Рената нервно рылась в сумке. Она была взволнованна. Непослушными пальцами выложила на стол бумажник, календарь, губную помаду, очки в кожаном футляре, какие-то купоны сберкассы, счета за телефон.

Он обратил внимание, что уже несколько раз у нее в руках появлялся какой-то конверт, но она как бы умышленно теряла его, и он исчезал в бездонном чреве сумки.

— Ну вот наконец, — решилась она и показала ему конверт. — После стольких лет нашей совместной жизни это свалилось на меня как гром среди ясного неба и сегодня кажется мне уже совершенно ненужным. Не знаю, как ты воспримешь это, Анджеек.

— Да говори же наконец, в чем дело, — не выдержал Анджей.

— Бервинский скончался два месяца тому назад.

— Бервинский? Где он умер?

— В Америке, в штате Айова. Вот акт, подтверждающий его смерть. Пришел из Айова-Сити. Прочти!

Она с облегчением вздохнула. Он тоже, но только совершенно по другой причине. Еще секунду назад он думал, что всплывет имя Эвы и начнется истерическая сцена ревности, а тут вдруг объявилась эта неожиданная новость, этакий сигнал из потустороннего мира.

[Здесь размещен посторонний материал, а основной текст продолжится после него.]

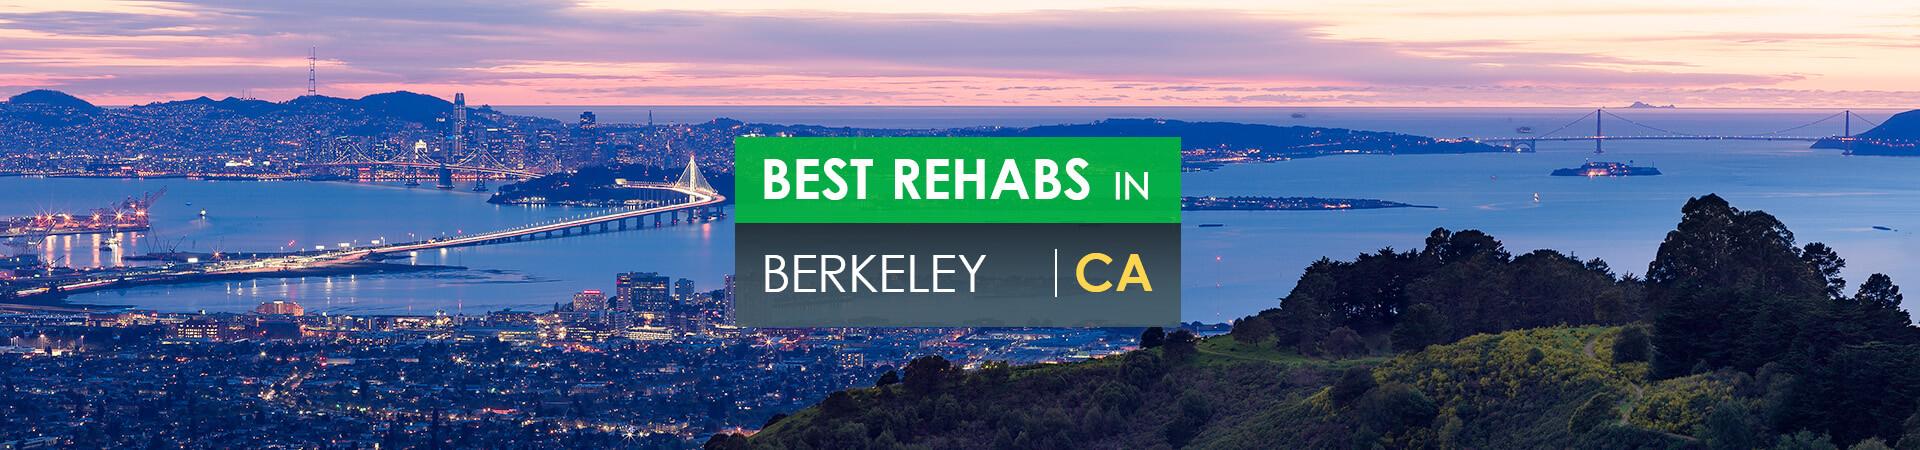 Best rehabs in Berkeley, CA

Нечто совершенно иное, но тоже достаточно сложное. Нужно было немедленно отреагировать на это известие, потому что Рената напряженно ждала ответа, а у него словно бы язык отнялся. В ту минуту все это показалось ему совершенно неправдоподобным. Двадцать лет их супружество было неофициальным, и вот наконец наступил час правды, долгожданный час, а он не может решиться на такую перемену.

— Так когда он умер? — рассеянно спросил он.

— Читай же письмо, седьмого октября.

— И сколько ему было лет?

— Он был на два года старше меня, но это неважно, к чему тебе эти подробности? — спросила она, озадаченная его реакцией на письмо.

— Хочется знать кое-что о человеке, имя которого мы не упоминали столько лет.

— Не упоминали, и ты хорошо знаешь, по каким причинам. А сейчас ты молчишь. Я была права, когда боялась сообщить тебе об этом.

Теперь ему стала понятна ее благосклонность. Поезжай в Закопане, поезжай один в Италию, говорила, а у самой в сумке этот документ, это было для нее поважнее, чем совместная поездка, это было самое главное.

Столь критически оценив поведение Ренаты, он попытался уклониться от прямого ответа:

— Ты считаешь, что сейчас это совершенно необходимо?

— Совершенно необходимым оно никогда не было.

— Но тебе хотелось бы?

— Любая женщина на моем месте посчитала бы, что это должно свершиться. Но я напрашиваться не буду. И вообще, создается впечатление, что ты меня и не знал раньше. Этот разговор мне неприятен, скажу больше — оскорбителен. Оставим эту тему.

Он встал из-за стола, прошелся по кухне, ему было неловко сидеть лицом к лицу с ней.

— Пойми, это известие свалилось на меня так неожиданно, я еще не переварил его. Ты узнала значительно раньше. Не сердись, но мне нужно подумать.

Он лгал, размышлять было не о чем. У него совершенно другие планы. Он не хотел этого. Давно ожидаемый момент явился теперь для него препятствием, перечеркивал все его планы и надежды.

После этого разговора лишь одно стало ему совершенно ясным: Рената пока ни о чем не догадывалась.